On iPhone, you can go into the “Screen Time” settings, which shows the amount of time you spend in each app and allows you to set timers in specific apps to limit the time you spend in them. Android phones have similar features in the “Digital Wellbeing” settings. Also, Facebook, Instagram, and TikTok offer the same features within the app’s settings.

USEFUL EXERCISE TO REMEMBER WHAT YOU ARE MISSING SCROLLING

Scrolling through social media while out with friends isn’t uncommon these days, but when you think about how unengaged you are at such times, you can put your social media use into perspective.

Agarwal suggests that the next time you’re in a room with other people at a family or friends gathering and find yourself scrolling through social media instead of interacting with other people, take a minute to physically remove yourself from the room and isolate yourself in another room. room. Listen and feel how much you may be missing.

“What it does is it gives a signal to your brain. If you force yourself out of the room, you realize how much you’re using that app and you’re missing out on other people,” Agarwal said. “It’s a good physical reminder to be present in the moment and not on your phone and scrolling through social media.”

TAKE IT EASY; ASK FOR HELP

“If you’re reading this article, I congratulate you on thinking about reevaluating social media,” Agarwal said.

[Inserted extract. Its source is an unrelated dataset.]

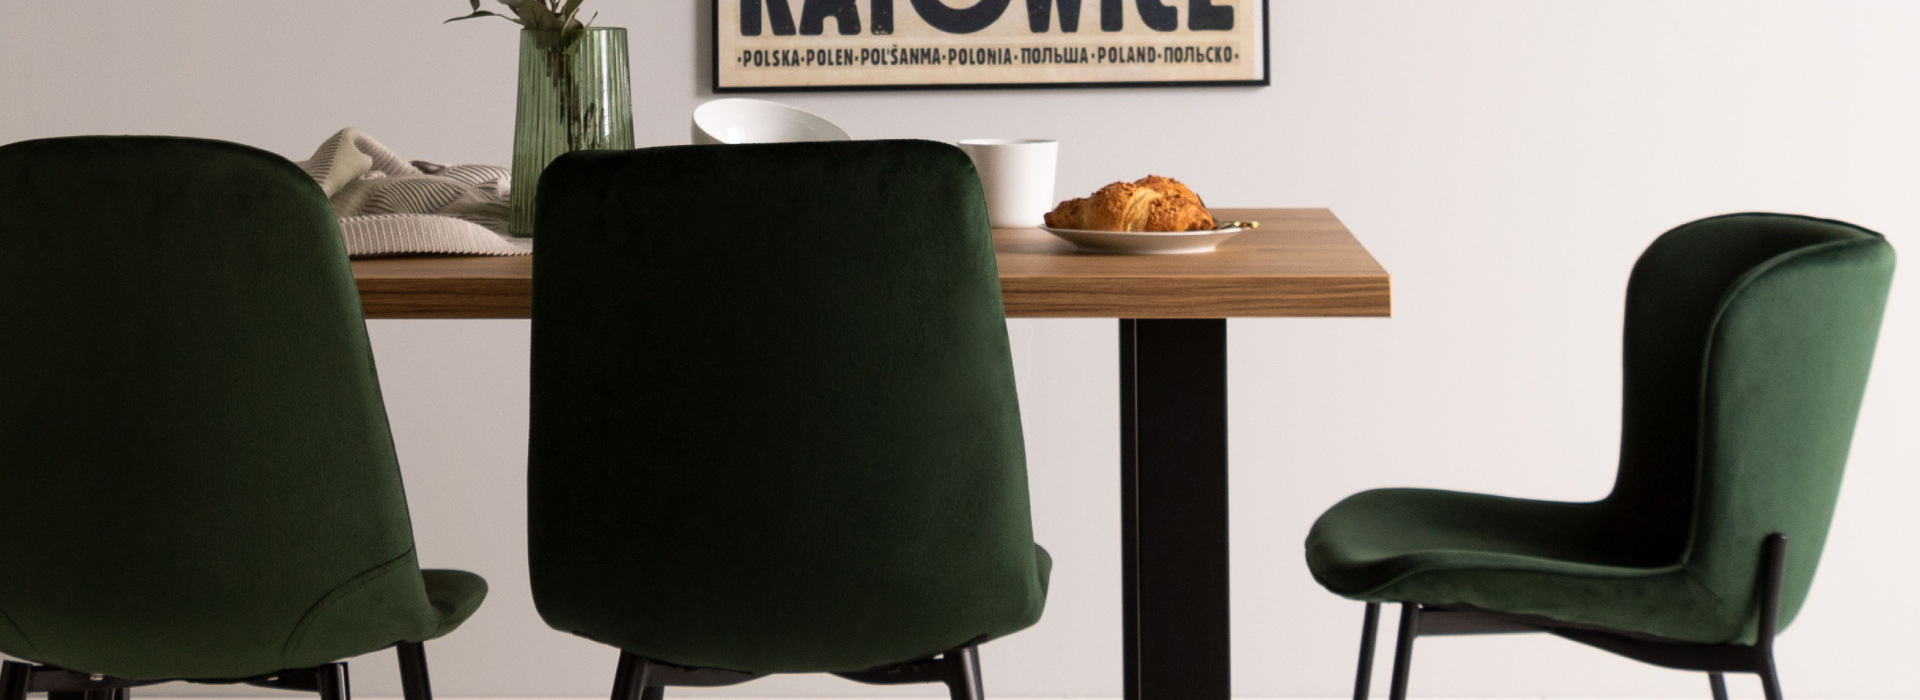 Butelkowo-zielone krzesła ustawione wokół drewnianego stołu, na którym stoi zastawa. W tle, na ścianie, zawieszony plakat z napisem „Katowice”.

Trying to reach your goals is all about celebrating the small victories.

At the very least, set small benchmarks for yourself, like spending 10 fewer minutes on social media than you did the day before. The right amount of time on social media is different for everyone, as some people actually use these apps to market themselves and promote themselves. Find your own social media sweet spot, and remember, even if you scroll too far on social media one day, you can try to hit your goal tomorrow.

Another way to stay on track is to share your goal with someone you trust. A friend or loved one may give you a nudge when they notice you’ve been on social media for a while.